Accessing a huge data base is possible, thanks to a meat packer who'd made a lot of money, who 
liked opera, who wanted to find out what there might be in the way of opera on 78 rpm records. 
And he was convinced that eveiything on 78 rpm ought to be treated the way he wanted opera 
treated. 

Now they're working on getting that data onto a CD-ROM so it can go out with all the other 
things the Library makes available on CD-ROM. We have videodisks of San Francisco, of New 
York, photographed at the turn of the century. These are the paper prints, contact sheets made 
for purposes of copyright. Until 1912, the only way moving pictures could be copyrighted was 
as still images. And between 1912 and 1943, when the Librarian of Congress said, "We ought to 
be keeping some of these films here in the national collection," that's the period we were trying 
to fill in by getting the original negatives from the major studies and making a master film 
copies on 35 mm to match the originals as closely as we could with the silver content of 
emulsions today, to retain the ability to recreate a large screen theatrical experience. 

Yes, you can get a copy of Casablanca on a half-inch video copy, but it’s not quite the same 
thing. The size, the dimension, a lot more is lost than one would know unless one saw it in 
reverse order, on the big screen first as I've been privileged to do, as we did for all of these films. 

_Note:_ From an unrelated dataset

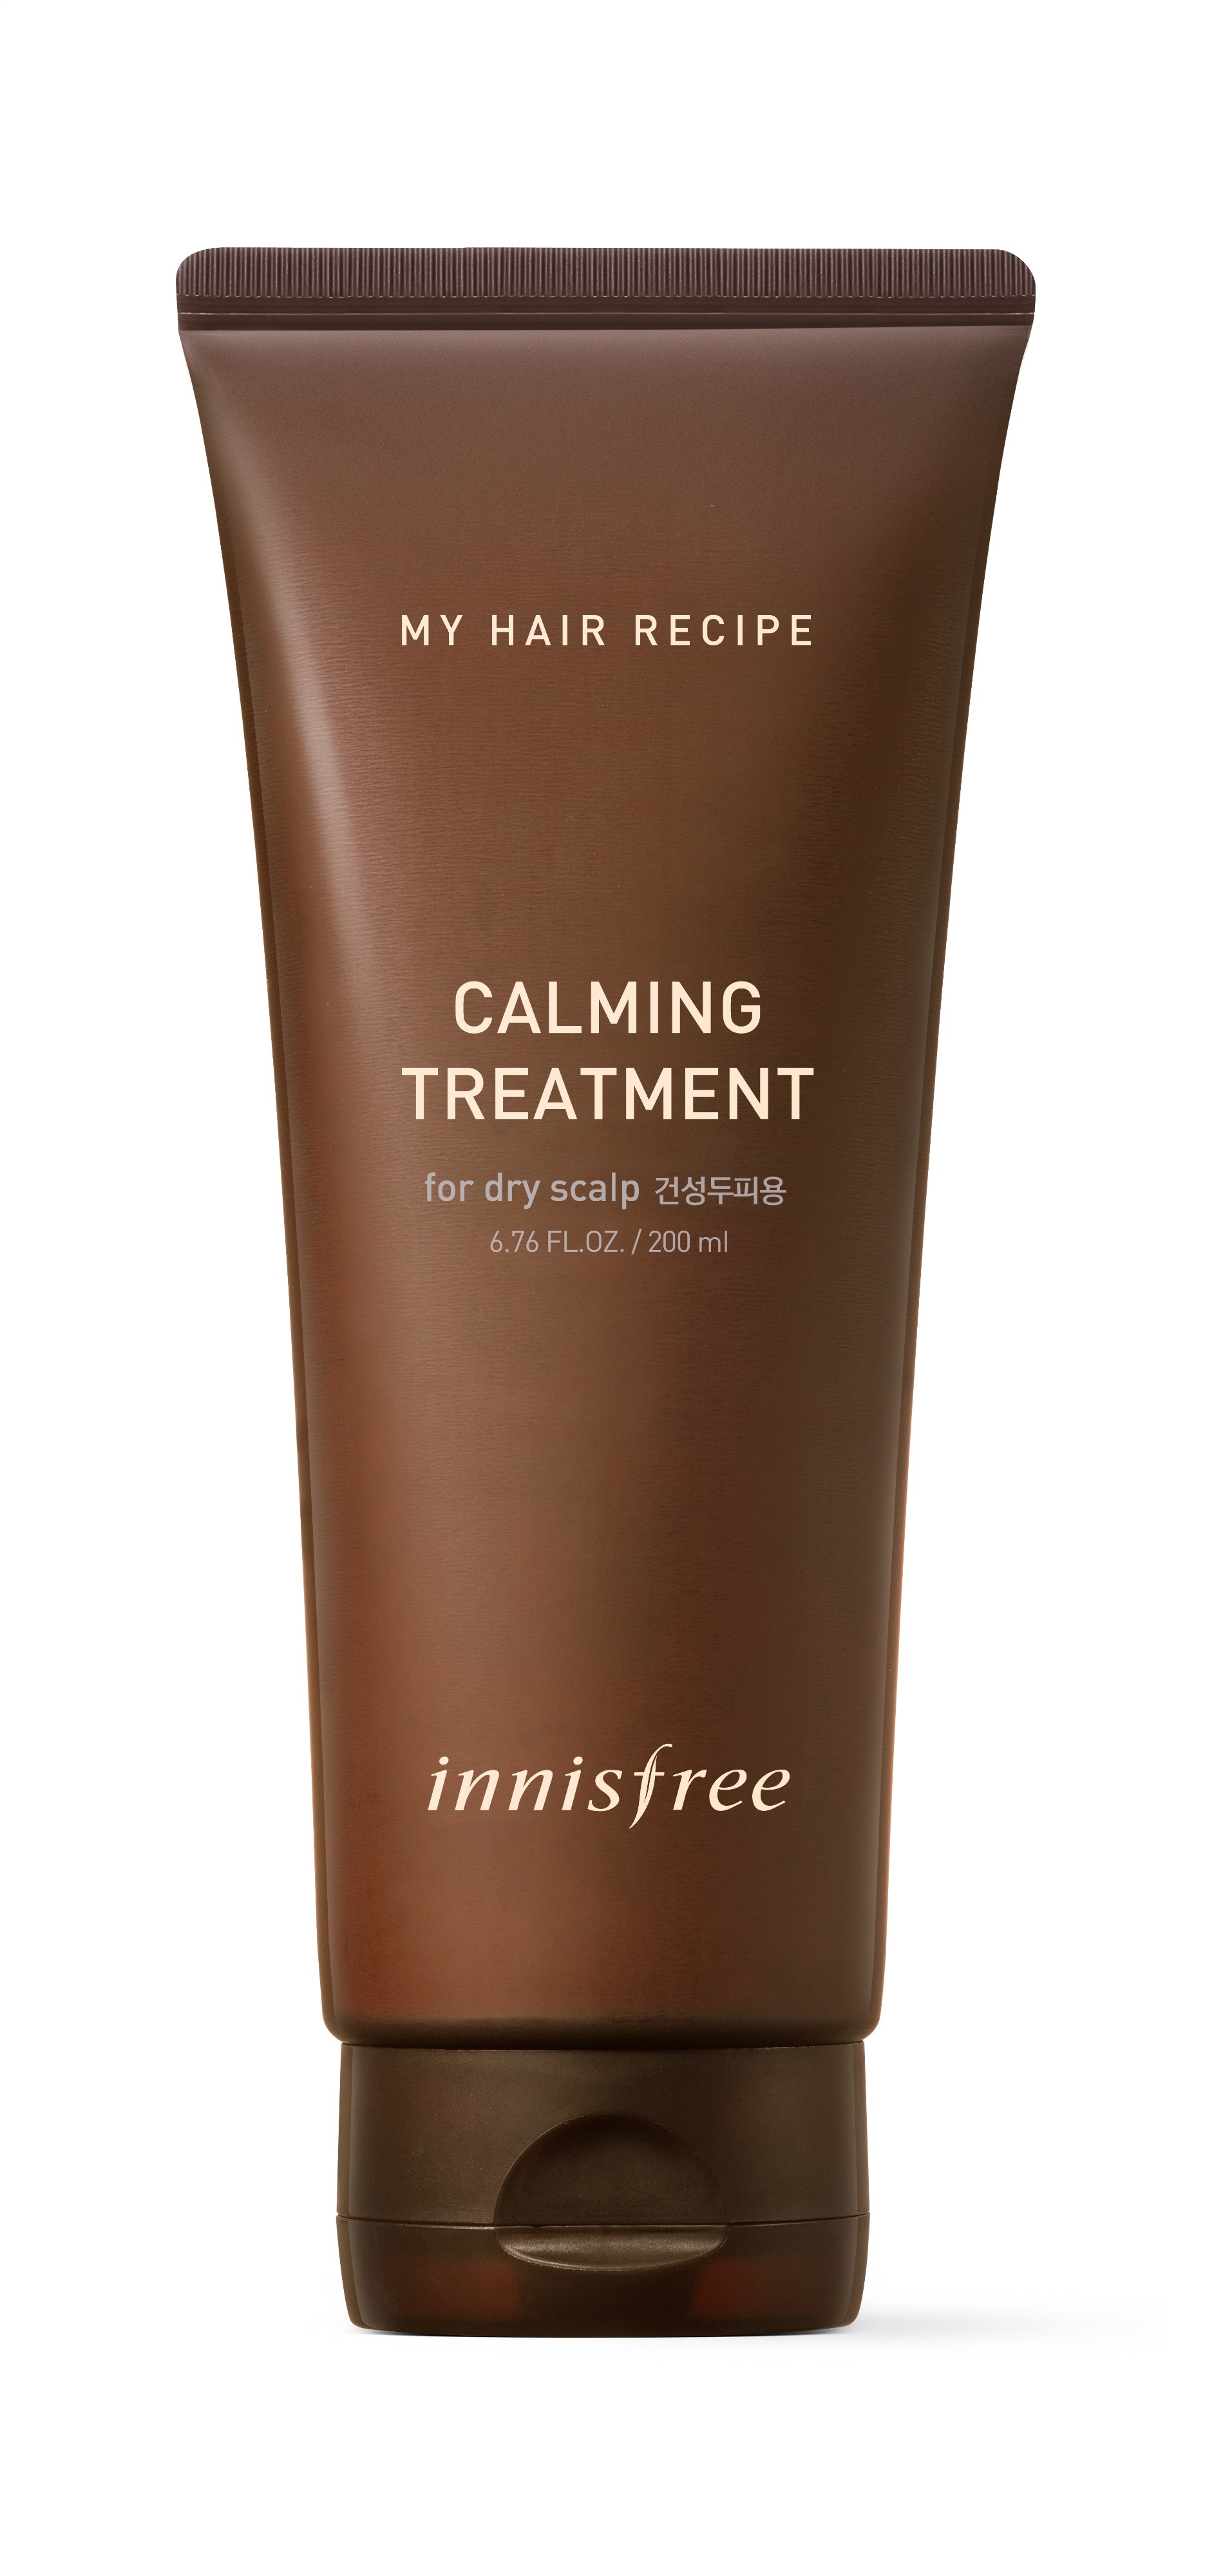 innisfree My Hair Recipe Calming Treatment (RM58.00/200ml)-Pamper.my

As you may have suspected by now, I am lost somewhere in the past, selecting films made 
before 1952 to be copied, because they're on a nitrate base and going to crumble into dust early. 
And now we're also concerned about the pictures made in the '50s and '60s because of the 
recently discovered threat of disintegration. 


The one thing that it seems to me that all this boils down to that I've seen since '69 is the 
technology changes every decade or less. The Library of Congress has to keep all the 
information we might want to access that's recorded on the cylinders -- Brahms playing-- down 
to the present day. And the physical materials that these recordings are on is so fragile. If the 
consumer audiotape is projected to last 20 years plus however lucky we get — and, of course, we 
don't control the materials chosen. We don't have the materials of our choice to work with. 
Often we have just what the collectors give us, . 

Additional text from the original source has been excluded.